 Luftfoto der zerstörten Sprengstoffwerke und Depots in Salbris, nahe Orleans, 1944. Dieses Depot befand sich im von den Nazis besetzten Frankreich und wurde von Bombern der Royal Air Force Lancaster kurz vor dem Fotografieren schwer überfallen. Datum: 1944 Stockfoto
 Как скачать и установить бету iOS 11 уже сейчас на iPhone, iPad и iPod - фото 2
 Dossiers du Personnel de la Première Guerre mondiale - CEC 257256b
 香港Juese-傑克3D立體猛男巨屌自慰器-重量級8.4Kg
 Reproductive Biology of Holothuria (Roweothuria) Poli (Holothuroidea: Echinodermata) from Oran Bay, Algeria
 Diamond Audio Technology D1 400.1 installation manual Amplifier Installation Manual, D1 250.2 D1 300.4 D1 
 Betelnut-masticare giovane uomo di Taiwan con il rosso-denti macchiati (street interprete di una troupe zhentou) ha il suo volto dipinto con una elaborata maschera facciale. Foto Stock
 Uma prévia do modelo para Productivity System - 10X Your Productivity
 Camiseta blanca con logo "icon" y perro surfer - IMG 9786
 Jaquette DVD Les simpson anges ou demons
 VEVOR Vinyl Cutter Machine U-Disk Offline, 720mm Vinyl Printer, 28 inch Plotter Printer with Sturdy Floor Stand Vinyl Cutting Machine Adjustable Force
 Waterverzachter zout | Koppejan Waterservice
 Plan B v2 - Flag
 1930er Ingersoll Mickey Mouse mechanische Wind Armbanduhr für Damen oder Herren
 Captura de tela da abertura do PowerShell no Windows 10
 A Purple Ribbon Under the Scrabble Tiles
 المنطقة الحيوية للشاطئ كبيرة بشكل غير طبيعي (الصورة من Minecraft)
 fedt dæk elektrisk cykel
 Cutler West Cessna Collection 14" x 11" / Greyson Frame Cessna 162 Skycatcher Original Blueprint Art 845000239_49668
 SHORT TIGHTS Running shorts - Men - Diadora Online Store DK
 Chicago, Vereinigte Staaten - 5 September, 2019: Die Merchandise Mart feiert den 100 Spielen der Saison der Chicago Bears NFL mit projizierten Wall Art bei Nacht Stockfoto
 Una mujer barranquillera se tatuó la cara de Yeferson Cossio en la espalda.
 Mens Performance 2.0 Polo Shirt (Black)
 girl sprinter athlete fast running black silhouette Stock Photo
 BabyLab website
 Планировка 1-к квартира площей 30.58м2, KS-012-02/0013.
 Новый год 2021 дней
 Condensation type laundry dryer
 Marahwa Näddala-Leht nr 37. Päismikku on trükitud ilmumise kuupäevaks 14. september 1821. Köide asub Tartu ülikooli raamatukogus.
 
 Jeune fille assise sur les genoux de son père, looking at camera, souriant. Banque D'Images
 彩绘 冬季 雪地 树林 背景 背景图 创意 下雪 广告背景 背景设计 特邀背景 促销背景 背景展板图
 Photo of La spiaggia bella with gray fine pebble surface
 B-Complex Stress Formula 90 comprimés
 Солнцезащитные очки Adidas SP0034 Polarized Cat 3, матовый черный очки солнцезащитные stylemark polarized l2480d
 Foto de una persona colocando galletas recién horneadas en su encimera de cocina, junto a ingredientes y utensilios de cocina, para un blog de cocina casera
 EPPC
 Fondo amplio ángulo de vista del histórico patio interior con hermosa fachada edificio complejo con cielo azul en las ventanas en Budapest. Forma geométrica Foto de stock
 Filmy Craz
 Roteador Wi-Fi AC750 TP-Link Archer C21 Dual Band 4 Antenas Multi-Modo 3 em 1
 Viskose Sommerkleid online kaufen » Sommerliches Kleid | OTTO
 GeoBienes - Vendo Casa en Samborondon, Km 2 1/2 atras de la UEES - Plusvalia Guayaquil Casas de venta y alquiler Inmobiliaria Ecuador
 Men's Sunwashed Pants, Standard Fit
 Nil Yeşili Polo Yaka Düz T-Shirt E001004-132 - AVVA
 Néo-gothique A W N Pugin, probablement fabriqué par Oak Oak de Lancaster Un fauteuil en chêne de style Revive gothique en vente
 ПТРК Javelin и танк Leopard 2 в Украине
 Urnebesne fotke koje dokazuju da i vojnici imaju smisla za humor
════════════════
*Task statement*. Return all lines above that mention the word "Shirt".

*Answer to this task*.
 Mens Performance 2.0 Polo Shirt (Black)
 Nil Yeşili Polo Yaka Düz T-Shirt E001004-132 - AVVA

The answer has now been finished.